Week 2 - Alex Smith had an extremely solid performance on Sunday against the Lions defense. Smith leaned on his defense and running game to help him but he has made significant strides as a Quarterback and was more than a “game manager” on Sunday. Smith has become a lot more vocal and in control of this offense, this evident by the amount of audibles he was using and checks to certain plays. Early in the game, Smith checked to a pass to Vernon Davis for the touchdown. Smith saw the mismatch Davis would pose, made the audible and lofted a perfect pass over the defender for the easy looking score. For the most part, Smith took what the defense gave him with simple reads and throws to the open man on the field. He enjoyed a solid running game with Frank Gore and good field position. The 49ers running game meant the passing game was simpler aswell, as there was a lot of one on one match ups for Smith to take advantage of and he often was able to throw the ball to his first read. Smith was tough in the pocket, did not go down easy and made very few mistakes which kept the 49ers in charge against the Lions. Smith almost found Davis deep down the field mid way through the game on a fade pattern but Davis was just not able to haul it in. However, late in the game Smith was able to roll out of the pocket and hit TE Davis for the touchdown pass. Davis got the well thrown pass and made two defenders miss for the score. Smith looks like a vastly improved QB but he still relied somewhat on his team to guide his performance. Regardless, the offense has improved since last year and Smith is opening up the passing game for the 49ers.

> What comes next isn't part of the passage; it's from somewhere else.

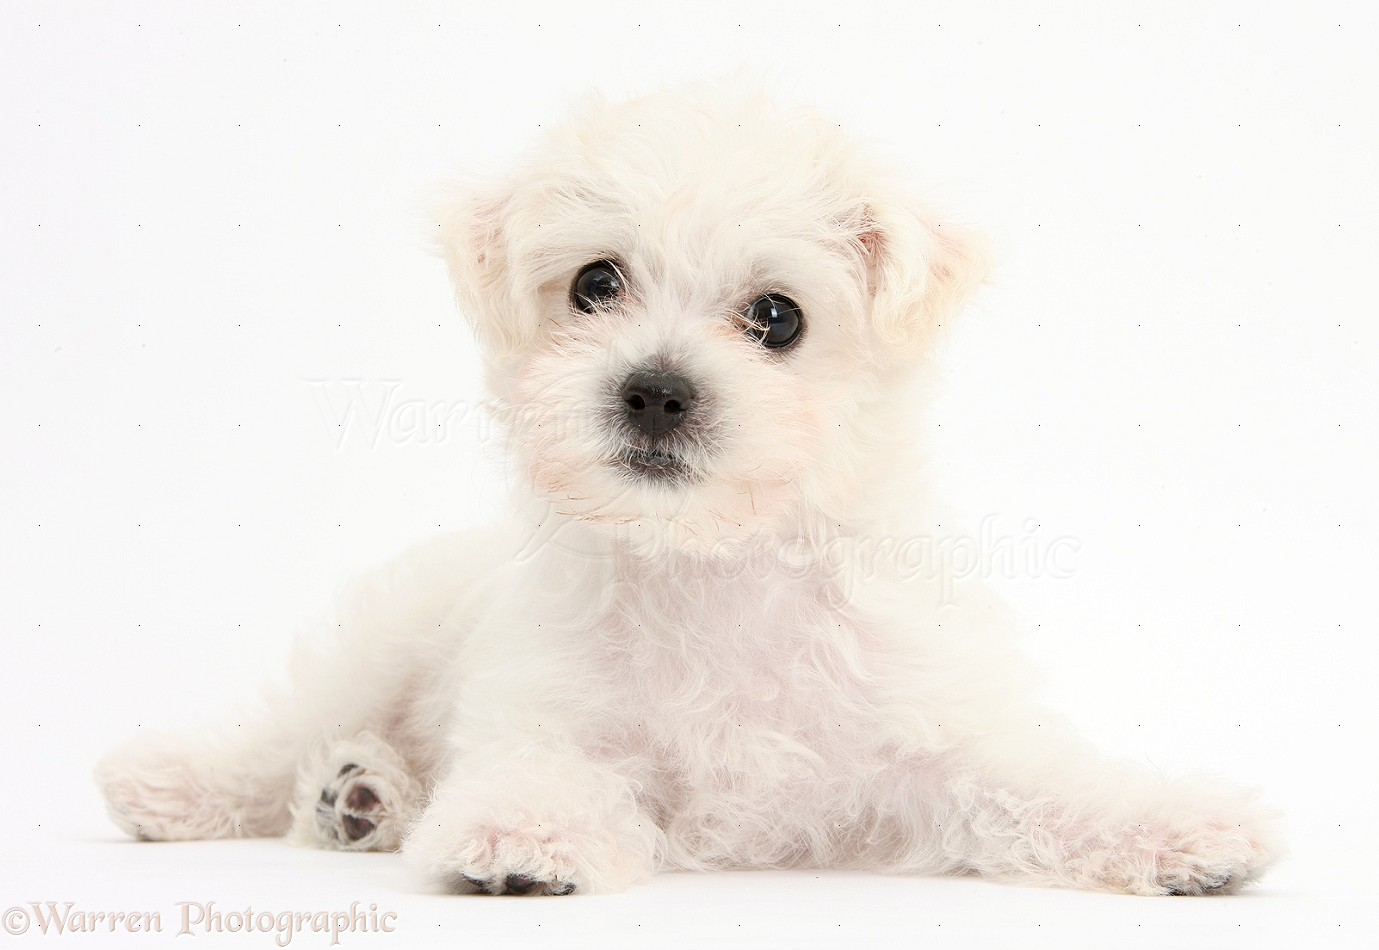 Dog Cute White Bichon X Yorkie Puppy Photo Wp38681
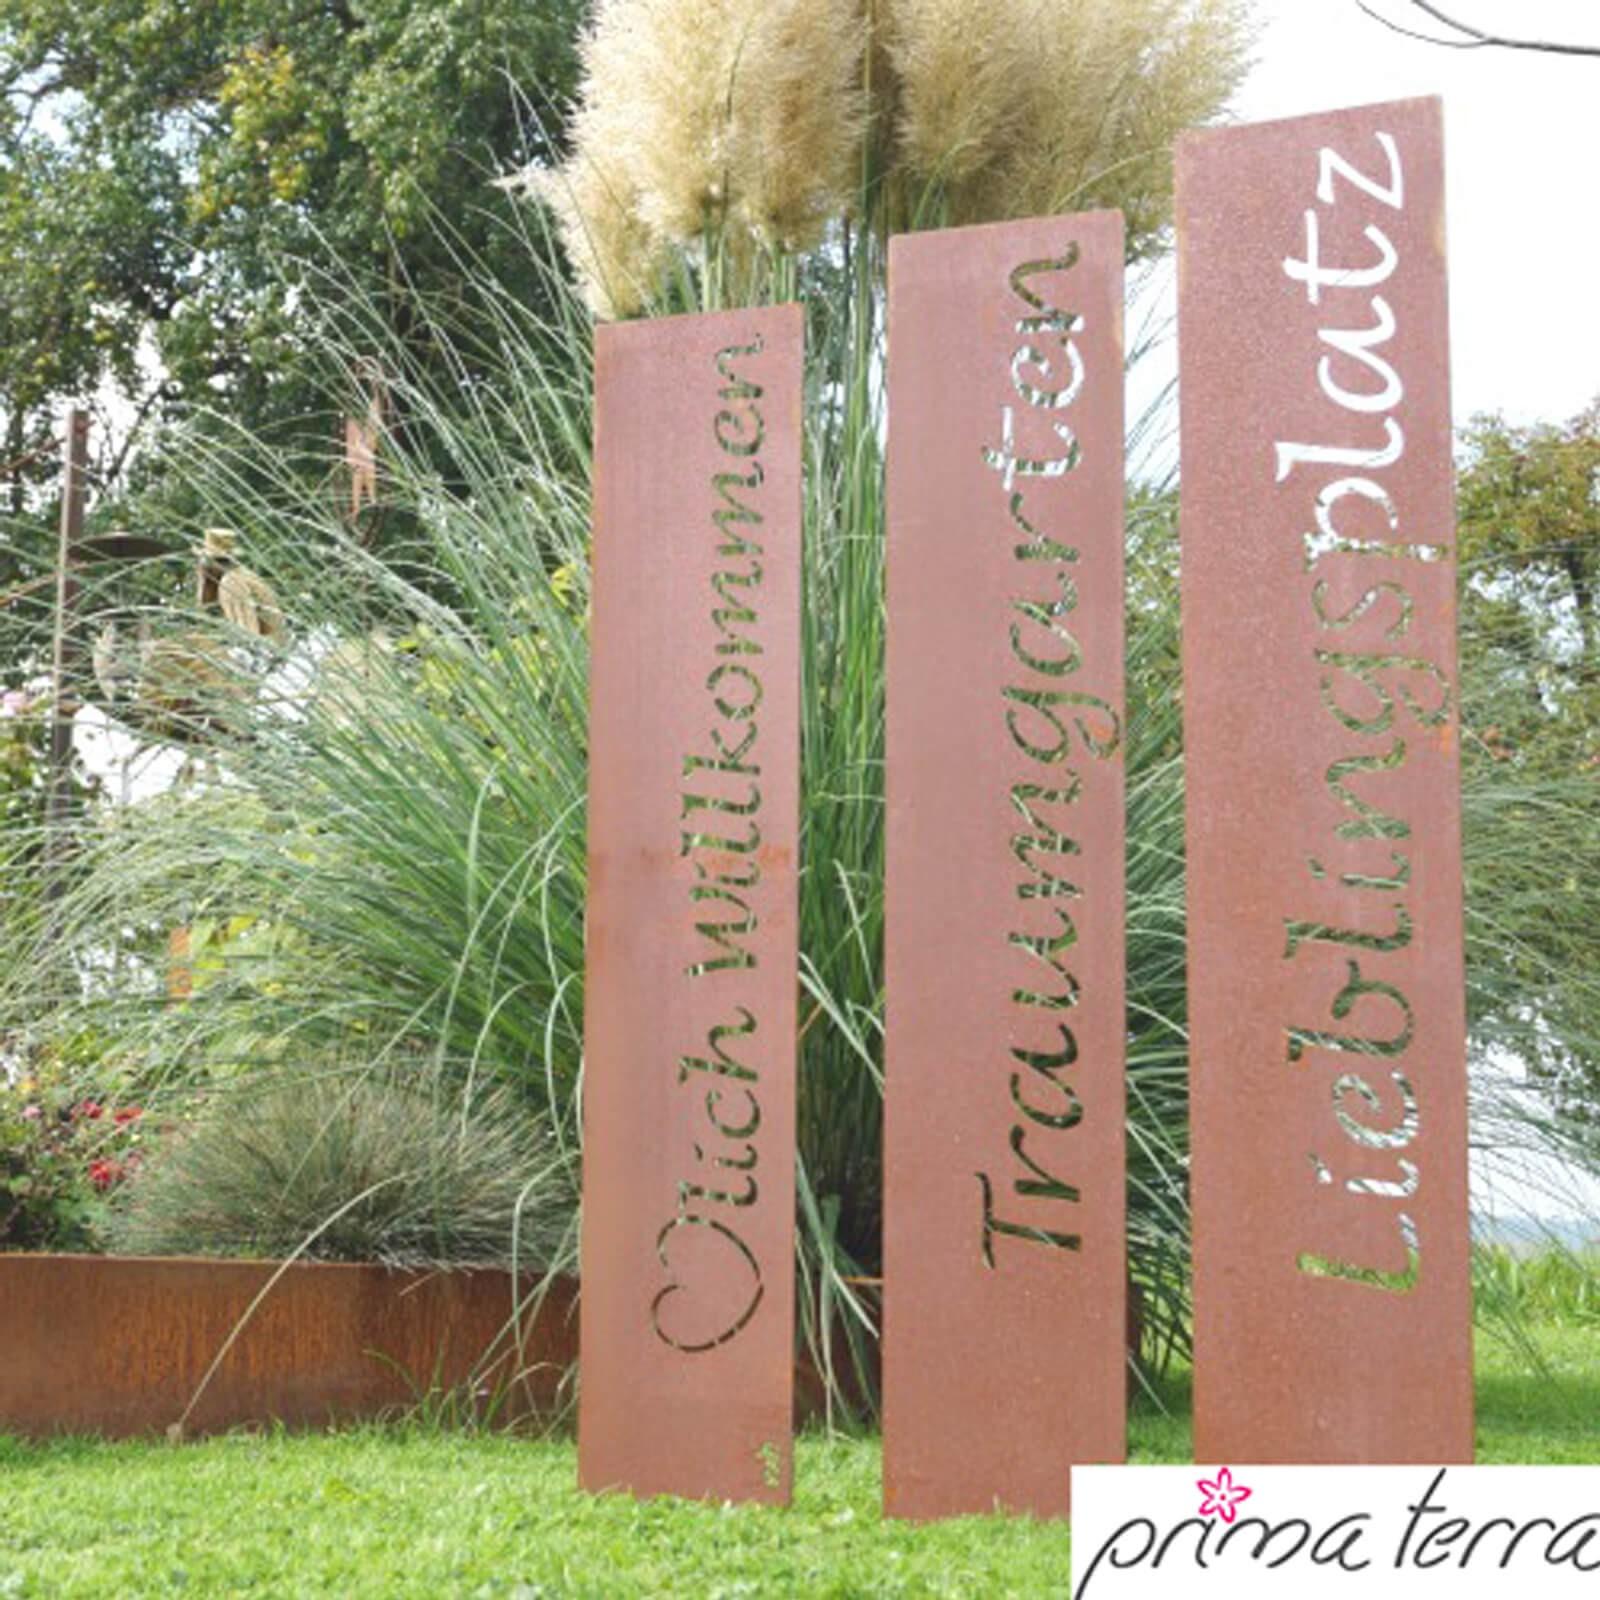 gartendekoration edelrost, prima terra edelrost gartendekoration green fingers, Design ideen

Week 3 - Because of the early offensive burst by the Minnesota Vikings, the 49ers found themselves behind the entire game. Trailing throughout, the 49ers were forced to get away from their run game and Smith had to throw the ball 35 times, completing 24 for 204 yards, with a touchdown and an interception. When the Vikings were able to bring pressure, Smith often missed open targets. The only consistent passes that Smith was able to hit accurately were short routes, rarely did he venture medium range throws and his longest completion was 22 yards. This allowed Minnesota to play more aggressively, and San Francisco had to use rollouts to get Smith away from the rushing defenders. Smith was able to run 4 times for 26 yards, but the most important run occurred in the red zone. Smith rolled out to his right and was planted by Antoine Winfield at the line of scrimmage, forcing the 49ers to kick a field goal. The 49ers’ problem of letting drives die in the red zone was thought to have been solved with the addition of Moss and Manningham, but Smith’s reluctance to make aggressive throws forced the 49ers into settling for field goals. Smith’s best pass of the day was a throw over coverage to Vernon Davis, dropping the ball over his tight end’s shoulder. Because of the placement of the pass, Davis was able to run to the 1 yard line. The next play was a well executed play action that allowed Davis to get to the corner of the end zone, and Smith delivered an accurate ball to the wide open tight end. His worst pass of the day came with two minutes left in the game, trying to march downfield Smith had time and an open Crabtree, but badly overthrew the receiver. Whether it was miscommunication or just a bad throw, the ball landed right in the hands of Josh Robinson. While trying to bring the 49ers down the field one last time, Smith was hit hard by Jared Allen and fumbled, ending the game. It was the third sack on Smith, and the culmination of a day of heavy pressure by the Minnesota Vikings.
Week 4 - After watching the Dolphins gash the Jets for 185 rushing yards last week, Smith led a similar ‘run first’ attack to the tune of 245 yards. For most of the afternoon, Smith handed the ball to his running backs and let his offensive line dominate the line of scrimmage. In addition, the 49er defense created four turnovers and routinely gave Smith great field position.
Smith’s best drive occurred with 1:11 remaining before halftime. Holding a 7-0 lead, the 49er defense stripped Mark Sanchez and gave Smith the ball on the SF 25 yard-line. Without the looming presence of Darrelle Revis, Smith methodically led his team into field goal range. On the first play, Smith comfortably stepped up into the pocket and found Vernon Davis for a 23-yard gain. On the next play, Smith avoided the on-coming pass rush and completed a short shovel pass to Frank Gore for eight yards. Smith went back to Davis for a quick three-yard gain before hooking up with Michael Crabtree for a big 12-yard gain to put his team in field goal range. Two plays later, David Akers successfully booted a 36-yard field goal to give his team a 10-0 lead at halftime. Smith demonstrated poise, precision, and awareness during this drive.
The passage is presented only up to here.